There was a revolution, when they started using backpropogation to optimize the gradient search.
It's also why I don't agree with calling them "neural" anything because there is no proof brains learn using backpropogation.
I feel like current direction threw away all neurobiology and focus too much on the mathematical.
The GP implies that was not tried before: "There was a revolution, when they started using backpropogation to optimize the gradient search".
"Back-propagation allowed researchers to train supervised deep artificial neural networks from scratch, initially with little success. Hochreiter's diploma thesis of 1991[1][2] formally identified the reason for this failure in the "vanishing gradient problem", which not only affects many-layered feedforward networks,[3] but also recurrent networks."
The best way to advance AI is probably to make the hardware faster, especially now that Moore's Law is in danger of going away. The people doing AI research generally seem to be fumbling around in the dark, but you can at least be certain that better hardware would make things easier.
I am not in the AI space at all, but I am under the impression that python is the most used language for it. If workload is becoming an issue, wouldn't the low hanging fruit be a more performance driven software language?
With how fast things are evolving, developing something like an ASIC ($$$) for this might be outdated before it even hits release, no?
The heavy lifting done in neural networks is all offloaded to C++ code and the GPU. Very little of the computation time is spent in python.
ASICs will definitely be very helpful, and there's currently a bit of a rush to develop them. Google's TPUs might be one of the first efforts, but several other companies and startups are looking to have offerings too.
> Google's TPUs might be one of the first efforts, but several other companies and startups are looking to have offerings too.
NVidia's Volta series includes tensor cores as well [1]. So far, I think they've only released the datacenter version, which is available on EC2 p3 instances [2].

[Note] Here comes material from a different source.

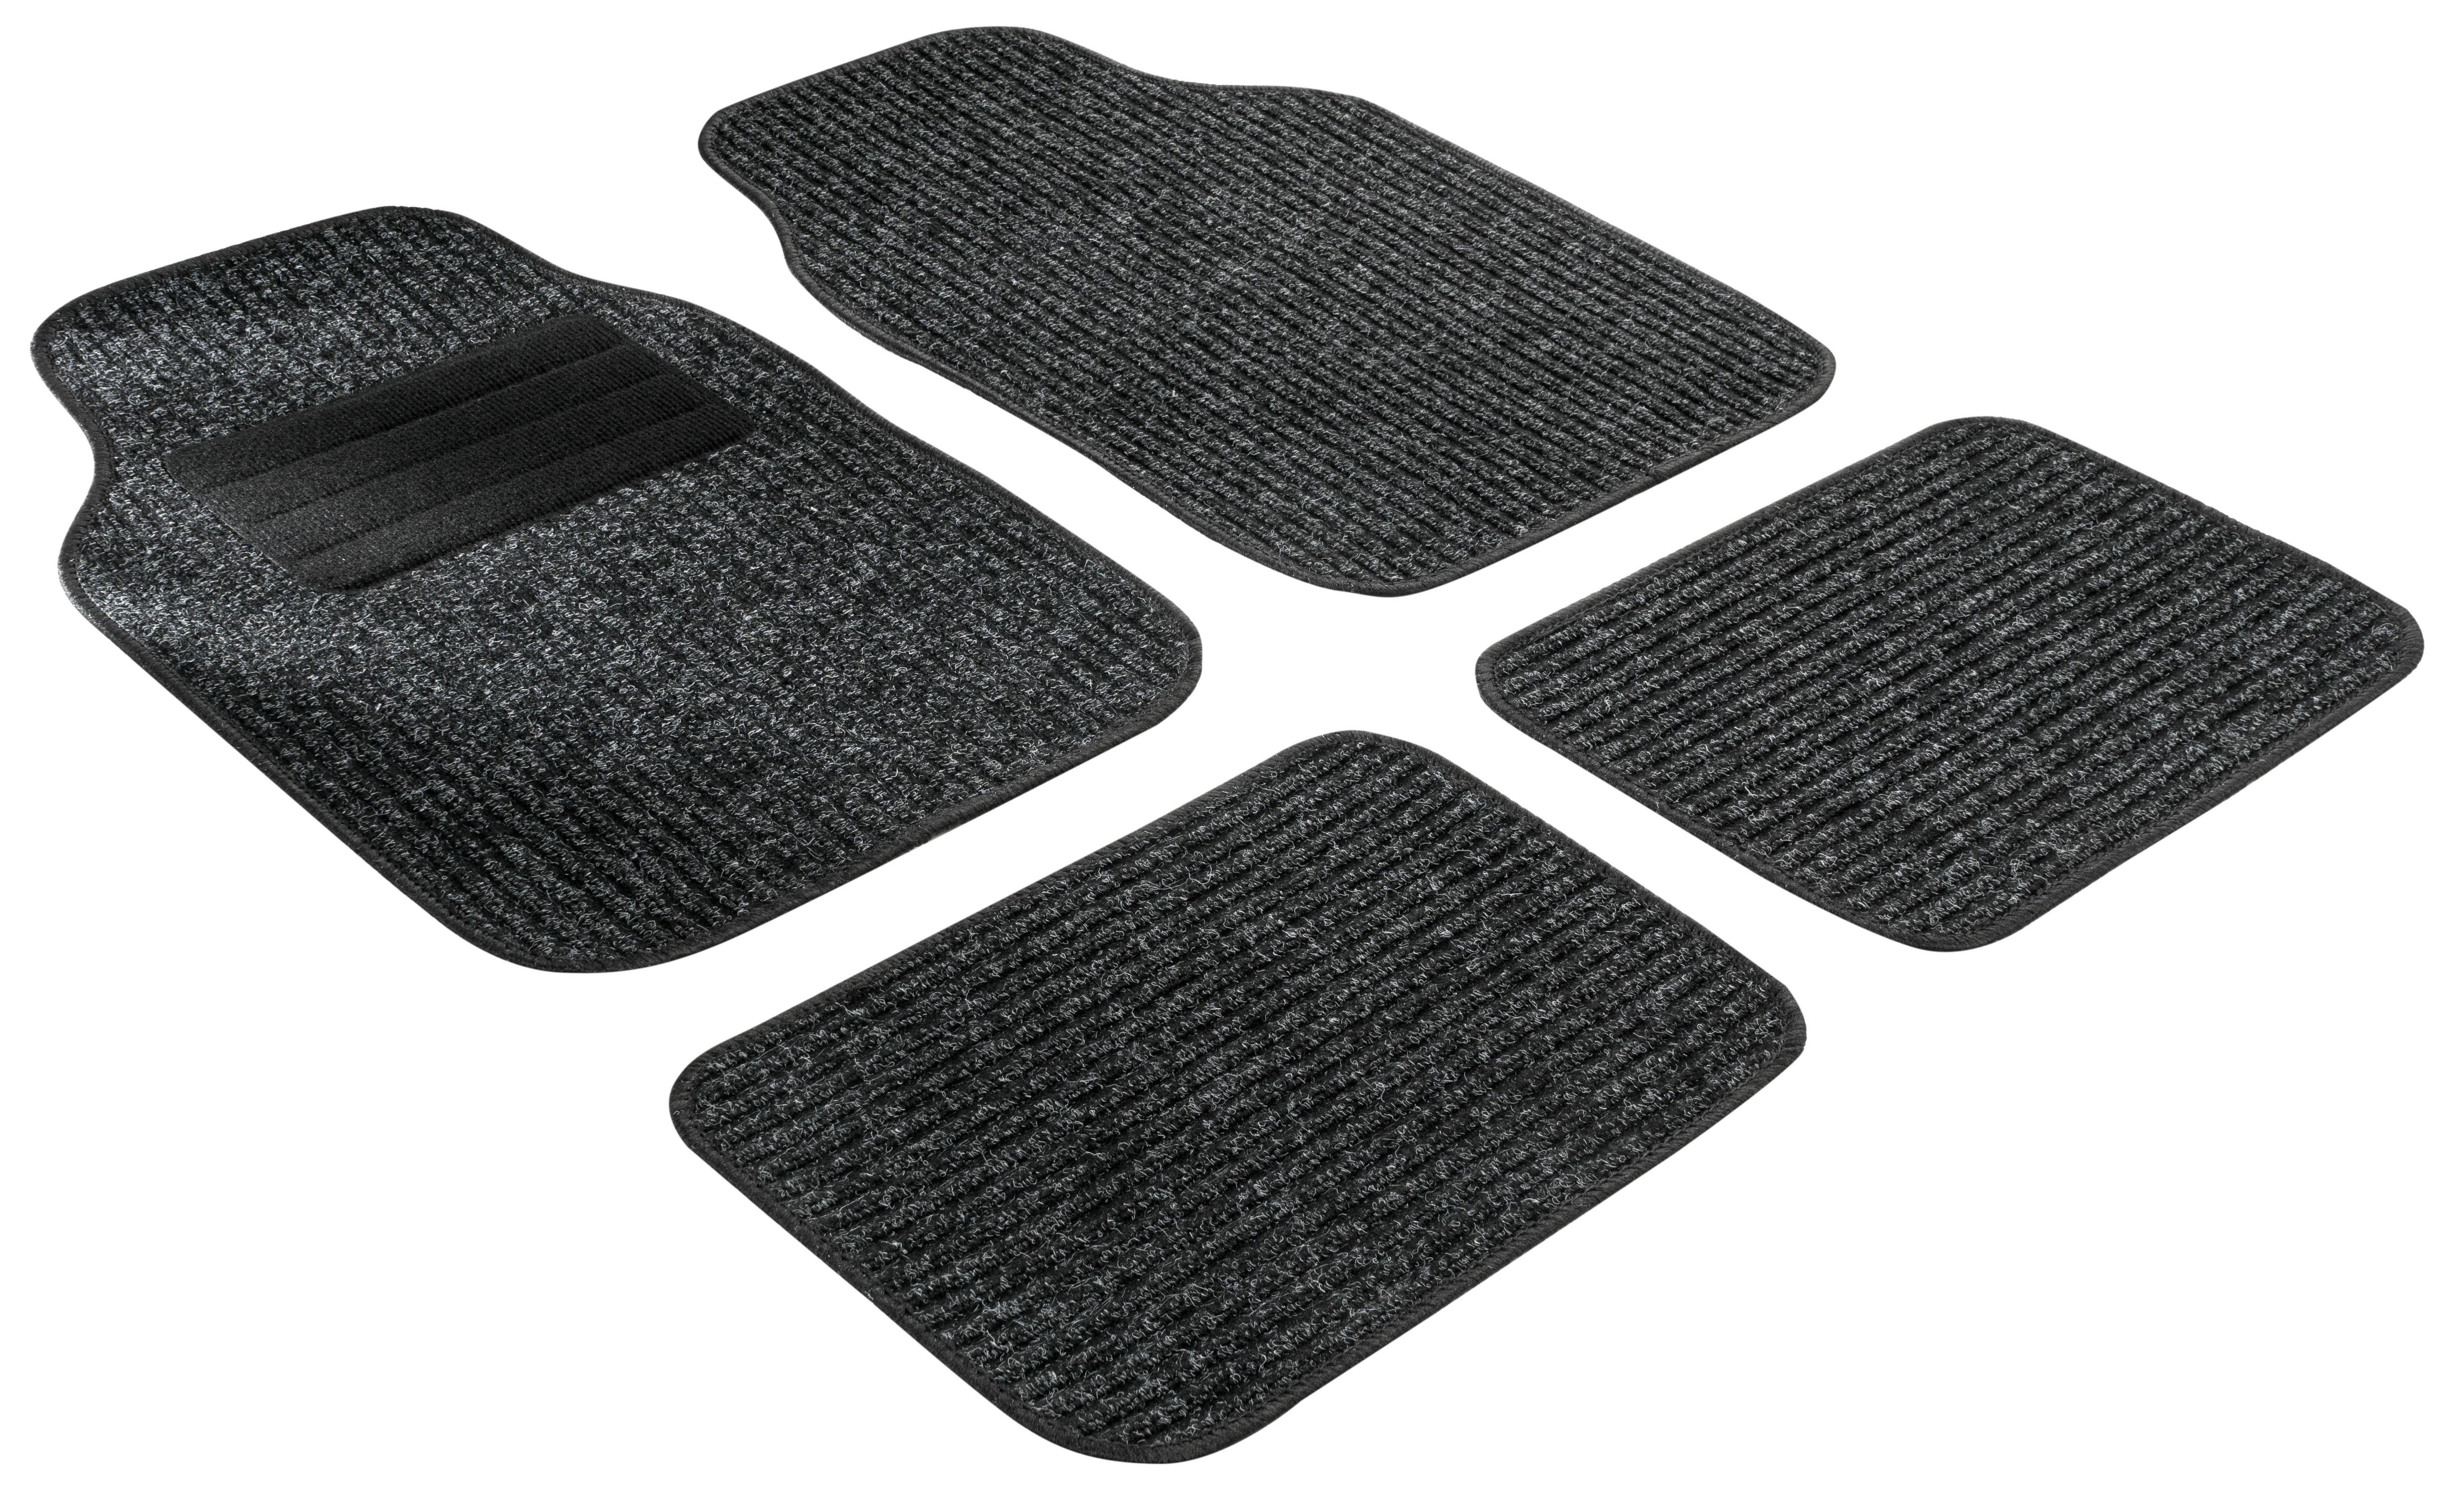 14805-0 WALSER Universelle passform PP (Polypropylen), vorne und hinten, Menge: 4, schwarz Größe: 67 x 30, Größe: 45 x 30, Größe: 33 x 45 Autofußmatten 14805-0 günstig kaufen
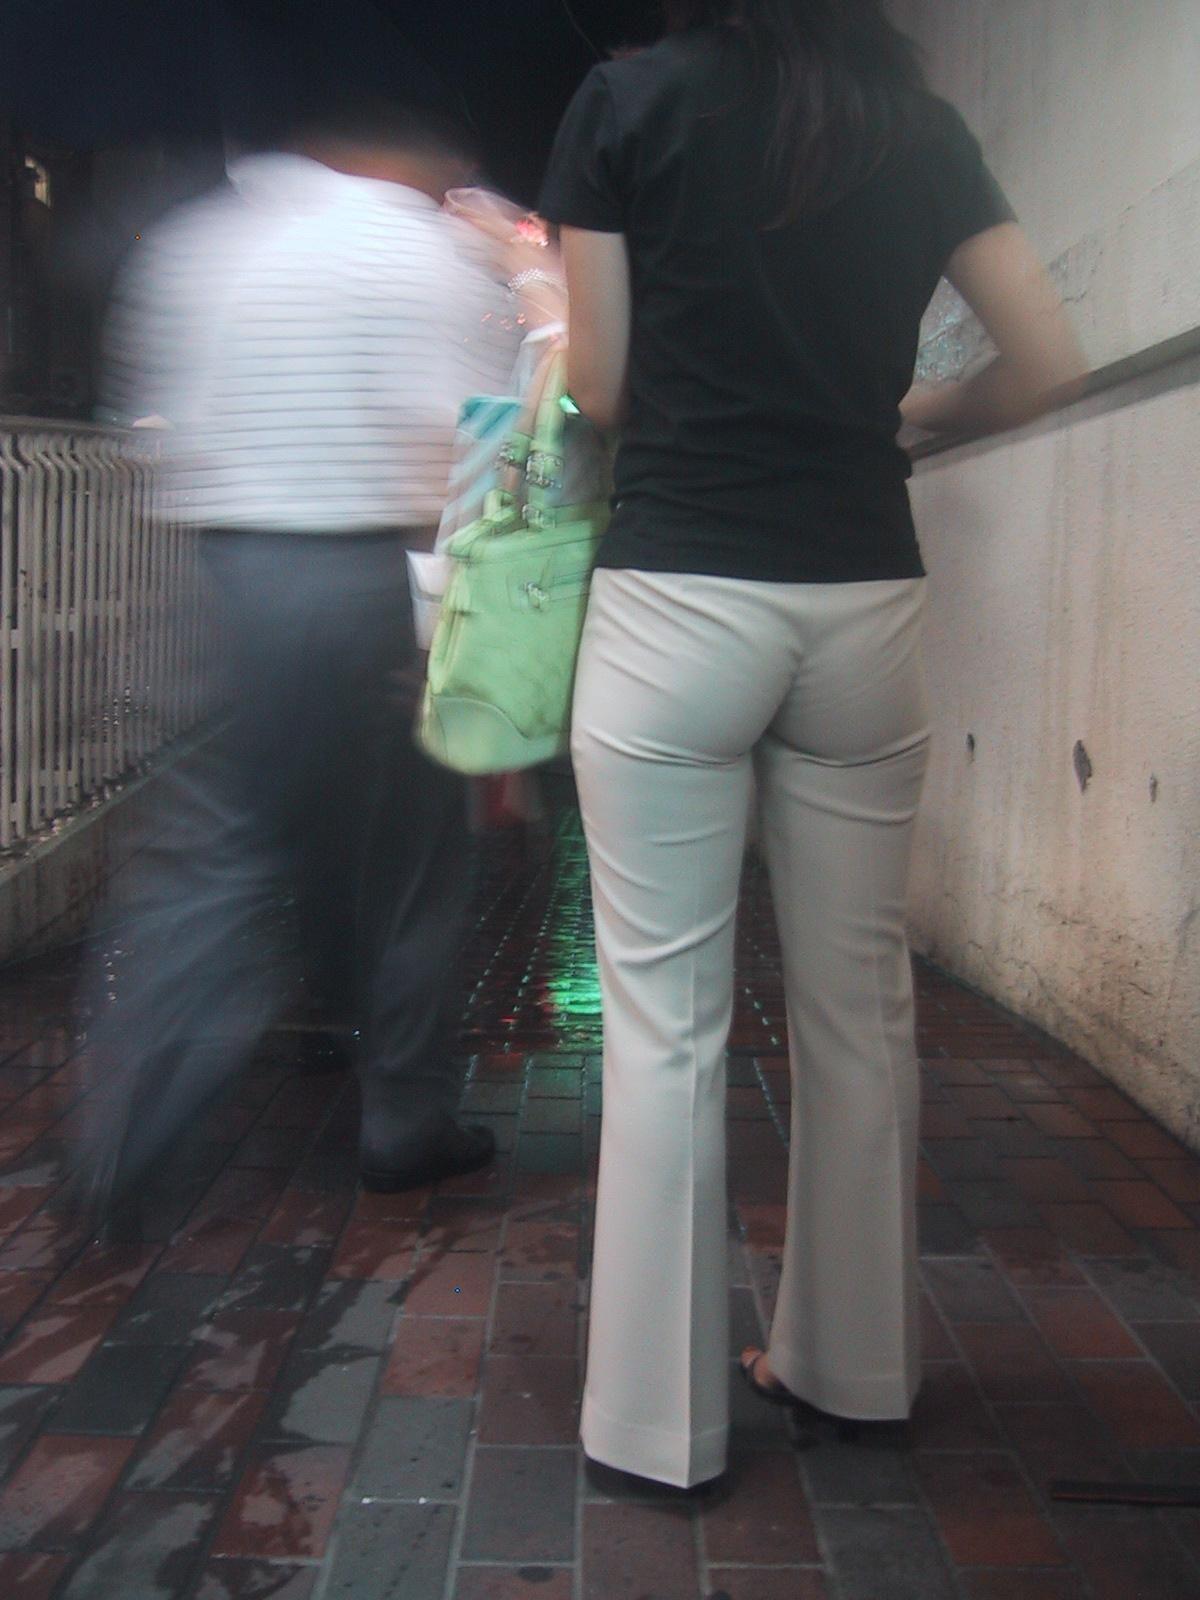 パンティーが透けちゃう白パンツルックOLお姉さん画像20枚目

People throw around words like "revolution" for the current deep-learning push. But it's worth remembering that the fundamental concepts of neural networks have been around for decades. The current explosion is due to breakthroughs in scalability and implementation through GPUs and the like, not any sort of fundamental algorithmic paradigm shift.
This is similar to how the integrated circuit enabled the personal computing "revolution" but down at the transistor level, it's still using the same principles of digital logic since the 1940s.